Example curve: 100% → 50% → 45% → 48% → 52% → 55% (recovery and growth)
Use Cases
Product Changes
Compare cohorts before and after product changes to measure impact on retention. Create separate cohorts for pre-launch and post-launch periods.
Channel Performance
Track retention for users from different acquisition channels by using UTM-tagged events as cohort definitions.
Feature Adoption
Measure how many users who tried a new feature continue using it over time. Use the feature's first-use event as the cohort trigger.
Subscription Tracking
Monitor how many subscribers renew or continue their subscription across billing periods.
Best Practices
Cohort Definition
- Use activation events, not just signups (e.g., "completed_onboarding")
- Keep cohort periods consistent (all weekly or all monthly)
- Define cohorts large enough for statistical significance (100+ users)
- Document why each cohort was created
Granularity Selection
- Daily: For high-frequency apps (social, messaging, games)
- Weekly: For moderate-frequency apps (productivity, SaaS)

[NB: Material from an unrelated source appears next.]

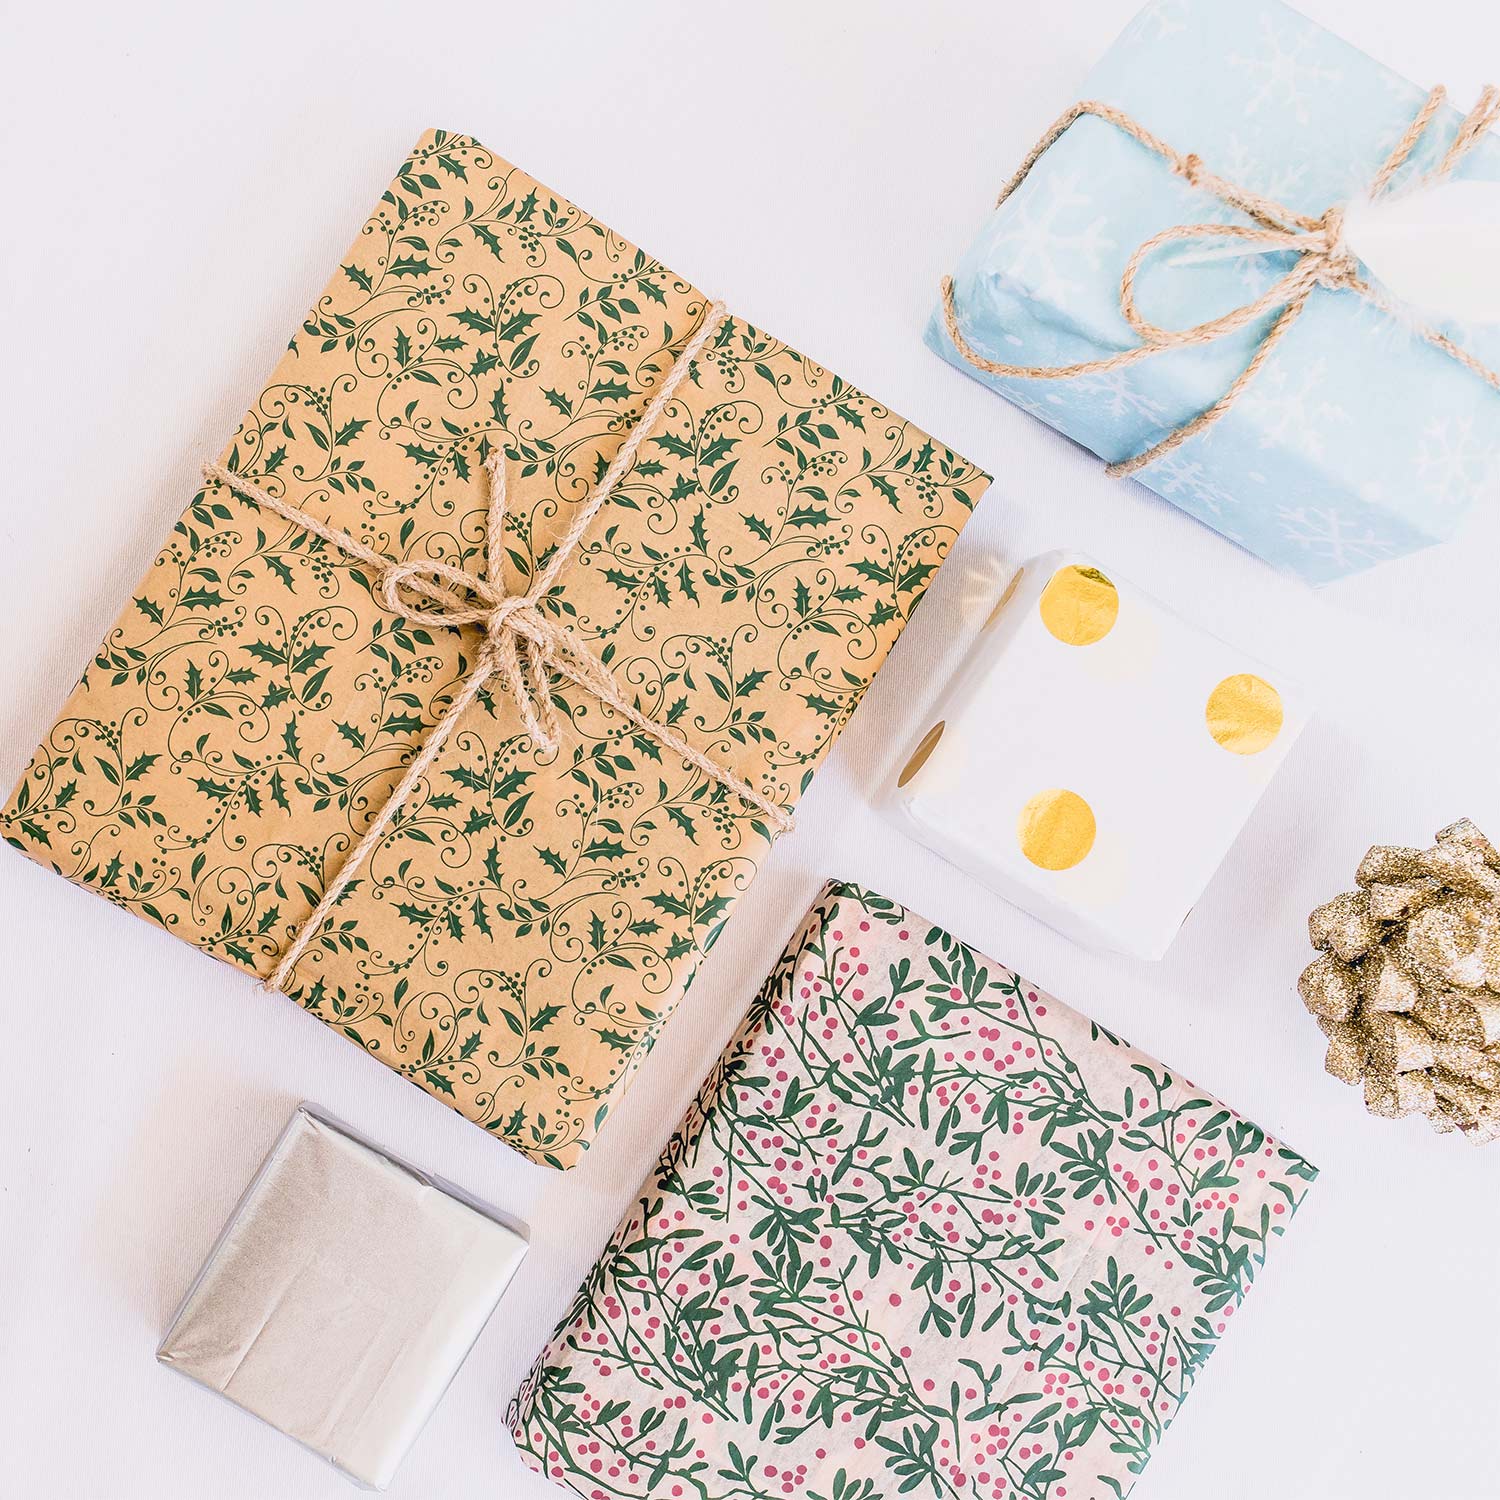 Image of four wrapped gifts in wrapping paper with different prints, two featuring jute string
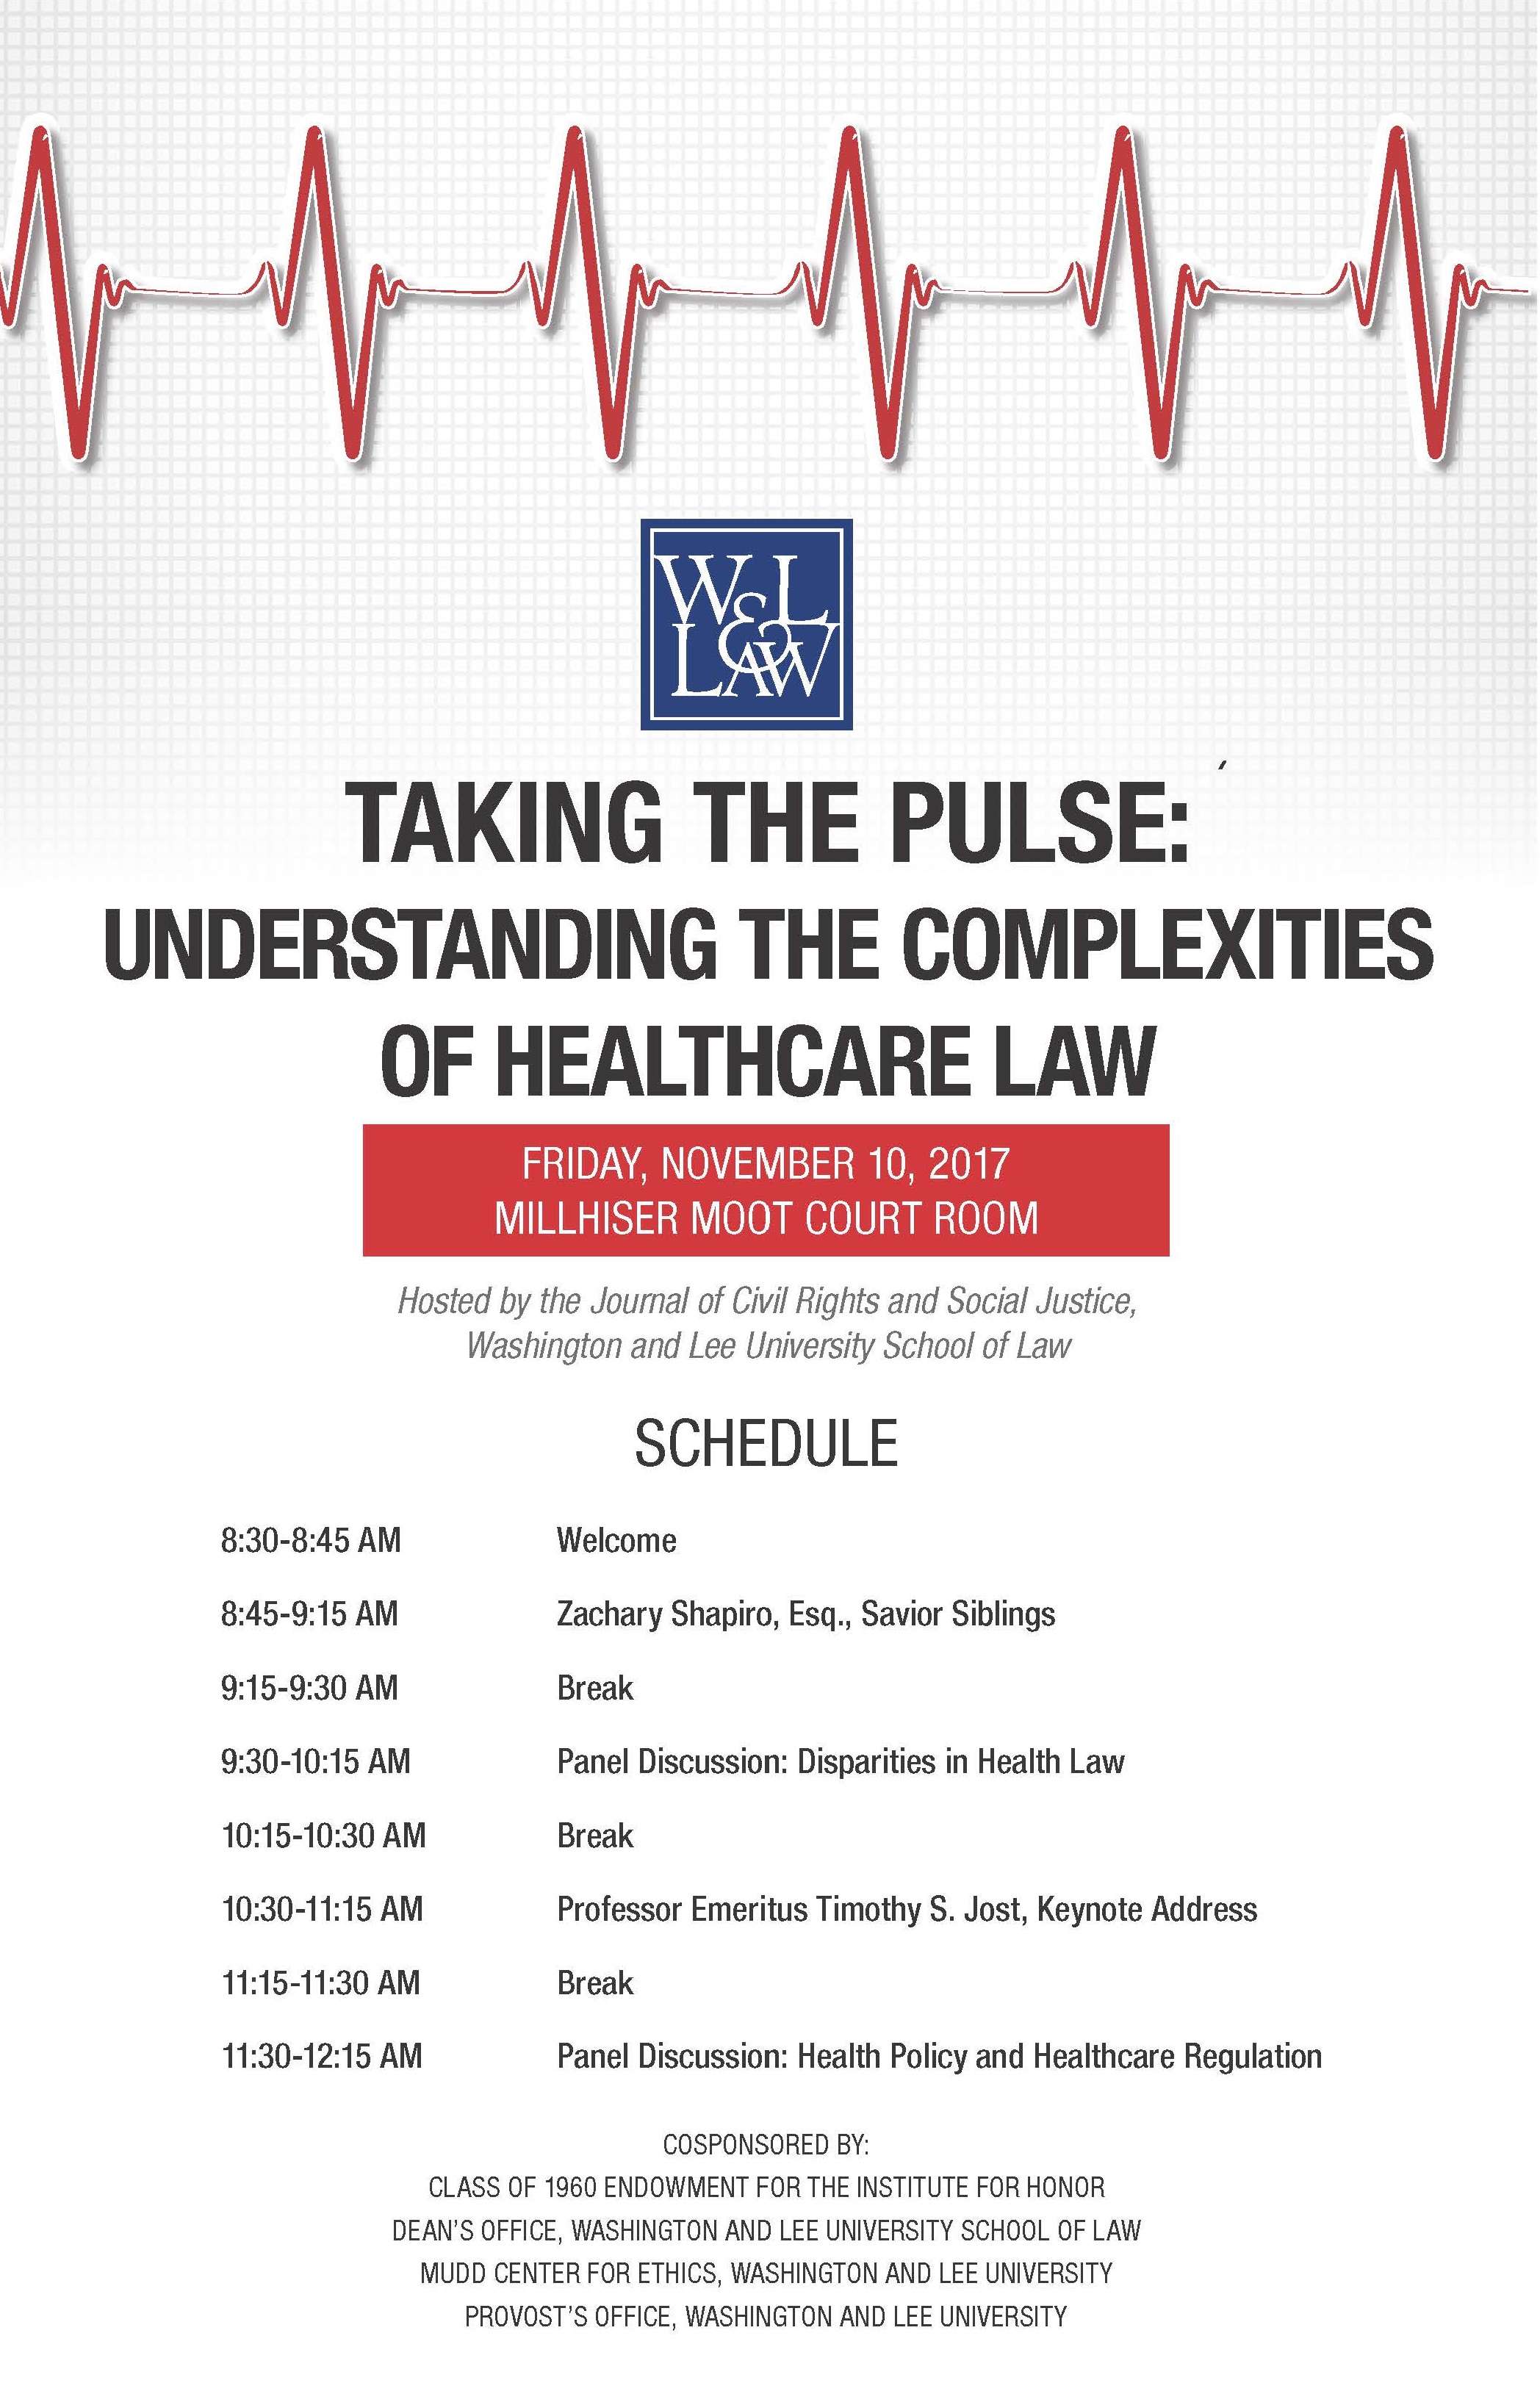 2017: Taking the Pulse: Understanding the Complexities of Healthcare Law

- Monthly: For low-frequency apps (finance, utilities)
Analysis Tips
- Look for the "flattening point" where retention stabilizes
- Compare multiple cohorts to identify trends
- Segment cohorts by attributes (country, source, plan) for deeper insights
- Track retention for critical events beyond signups
Action Items
- If Period 1 retention is low, focus on onboarding
- If retention never flattens, investigate core value proposition
- If certain cohorts retain better, identify what makes them different
- Set retention targets and monitor cohorts against them
Benchmarks
SaaS Products
- Day 1: 40-60%
- Week 1: 25-40%
- Month 1: 15-25%
Consumer Apps
- Day 1: 30-40%
- Week 1: 15-25%
- Month 1: 8-15%
E-commerce
- Week 1: 20-30%
- Month 1: 10-20%
- Month 3: 5-15%
These are general benchmarks. Your target retention depends on your product category, pricing, and market position.